▶ **Work instruction**
Return all lines below containing the word "Diamond".
-------- Records supplied
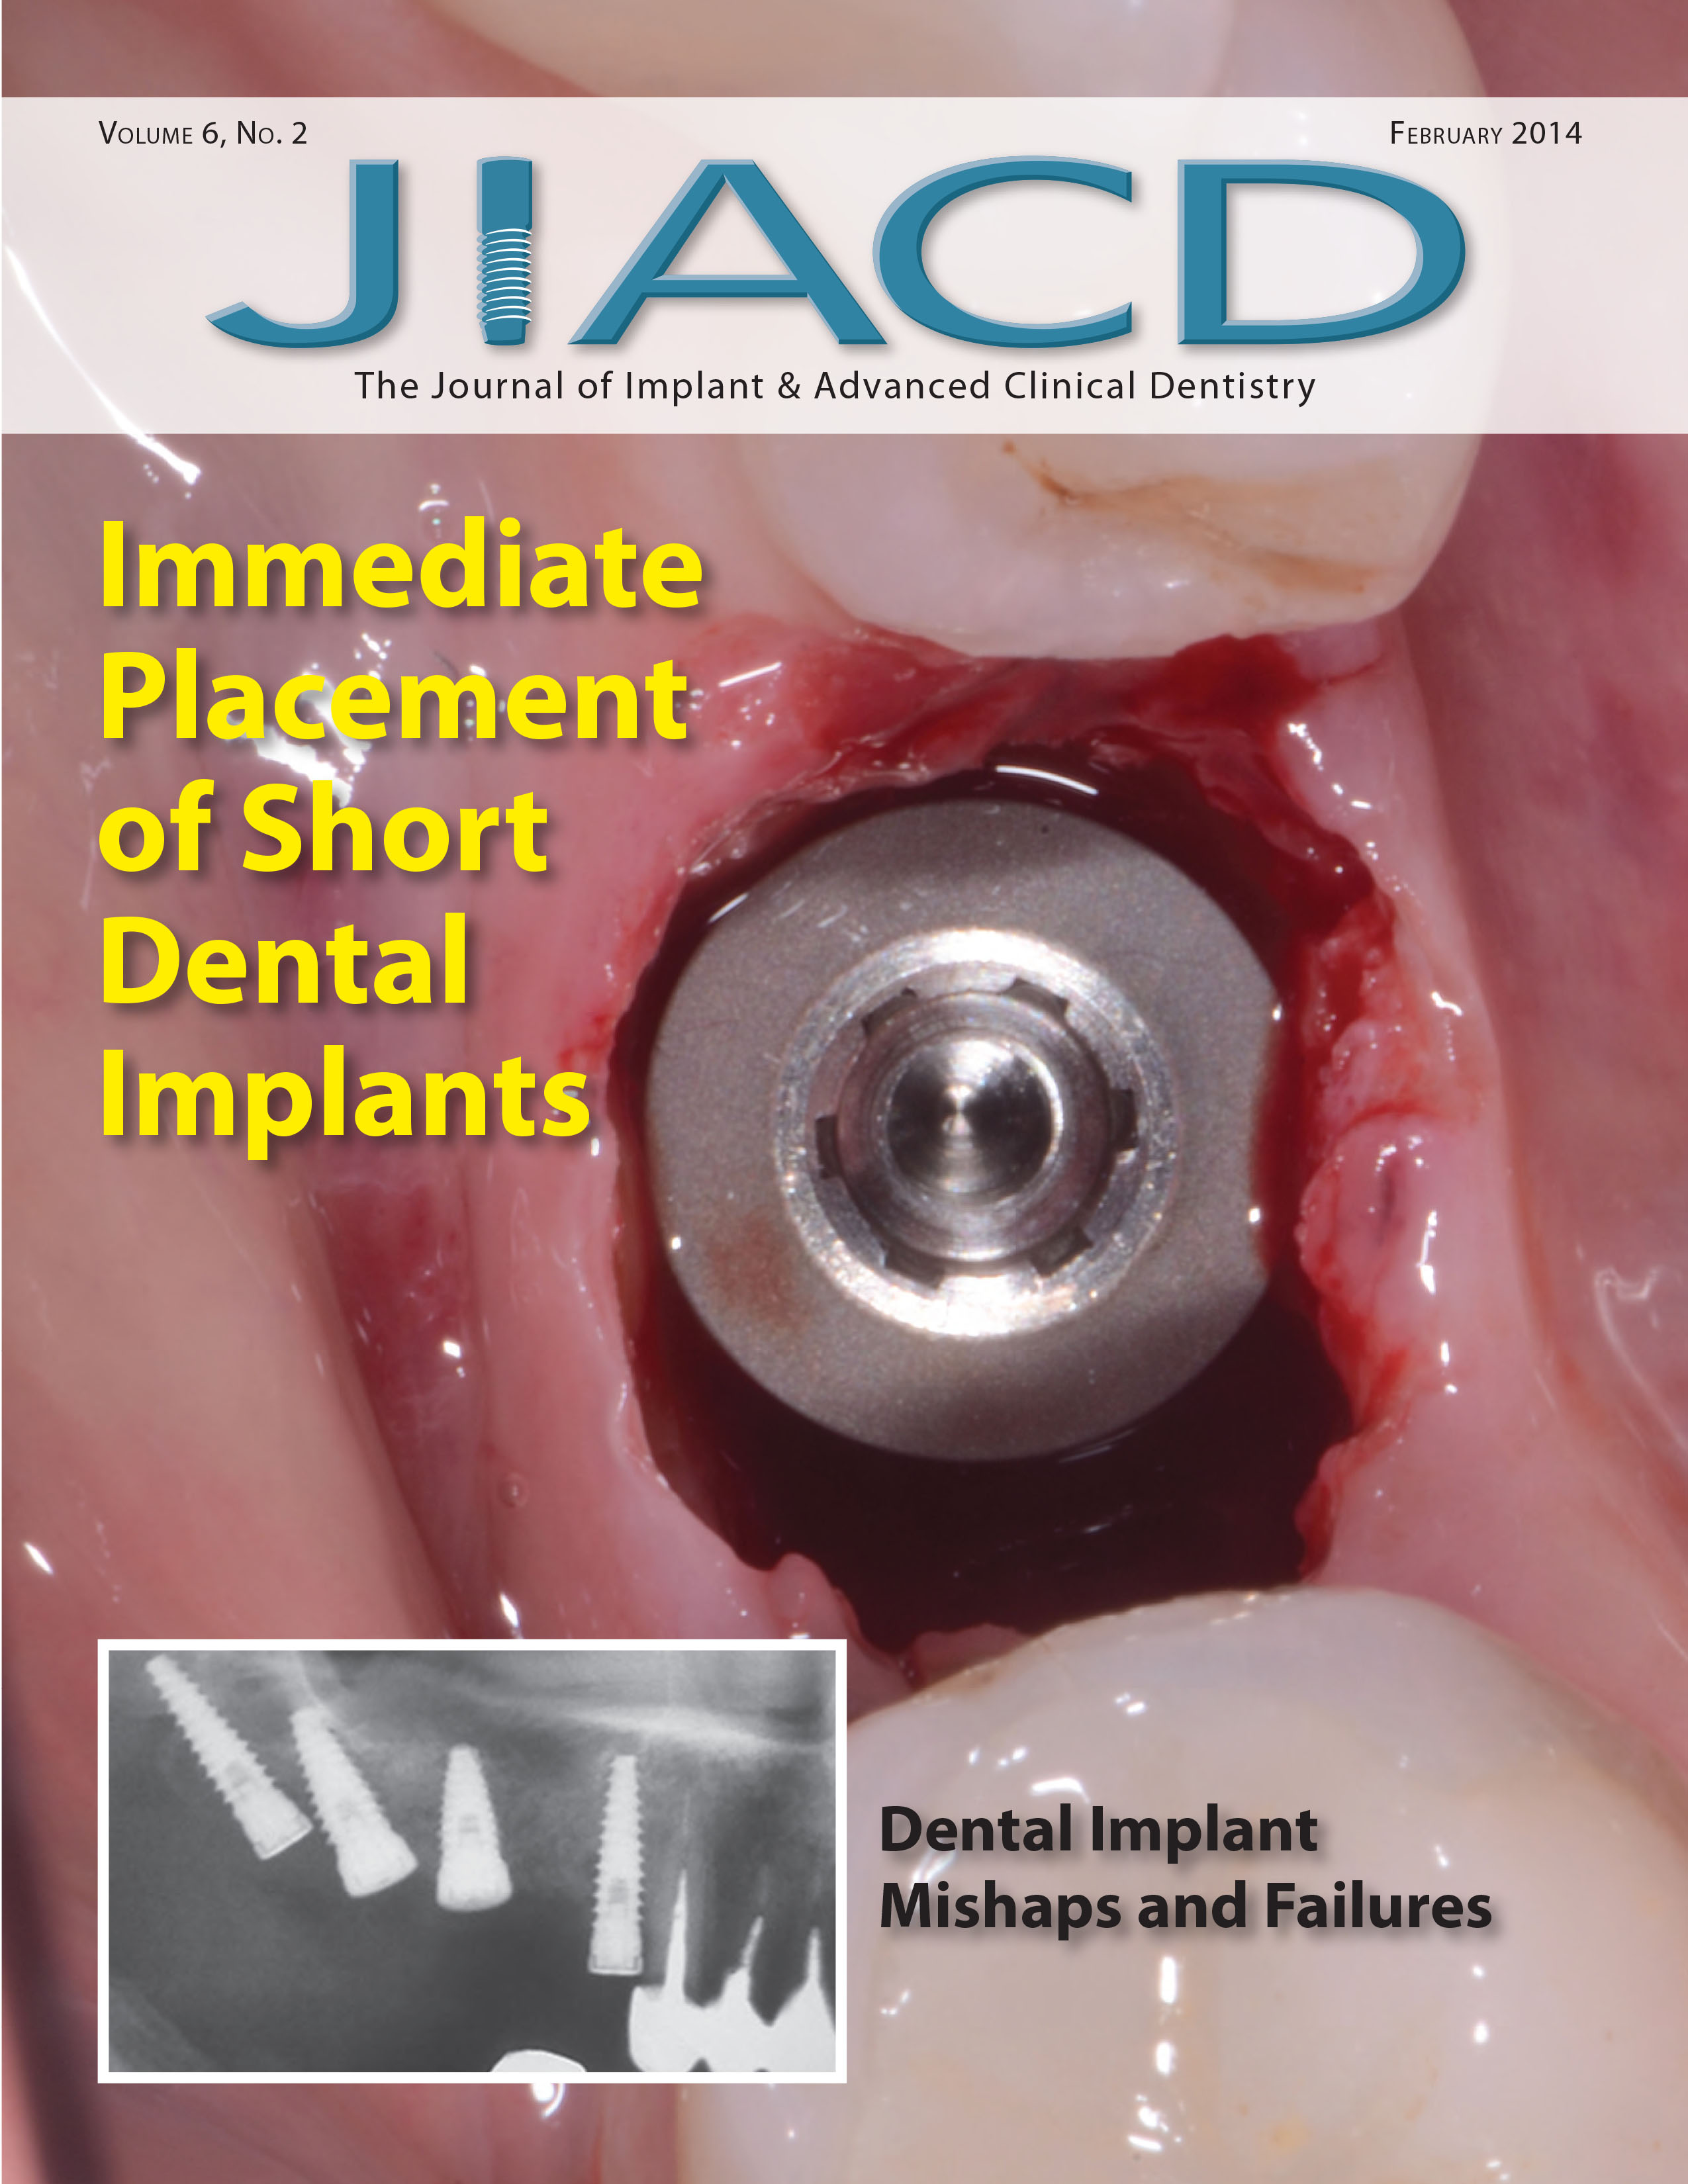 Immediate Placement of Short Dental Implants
----------------
-------- Records supplied
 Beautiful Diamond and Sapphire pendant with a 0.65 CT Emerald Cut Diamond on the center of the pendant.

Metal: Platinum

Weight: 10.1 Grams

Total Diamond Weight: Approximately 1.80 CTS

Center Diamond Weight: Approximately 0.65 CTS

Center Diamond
----------------
▶ **Response box**
 Beautiful Diamond and Sapphire pendant with a 0.65 CT Emerald Cut Diamond on the center of the pendant.
Total Diamond Weight: Approximately 1.80 CTS
Center Diamond Weight: Approximately 0.65 CTS
Center Diamond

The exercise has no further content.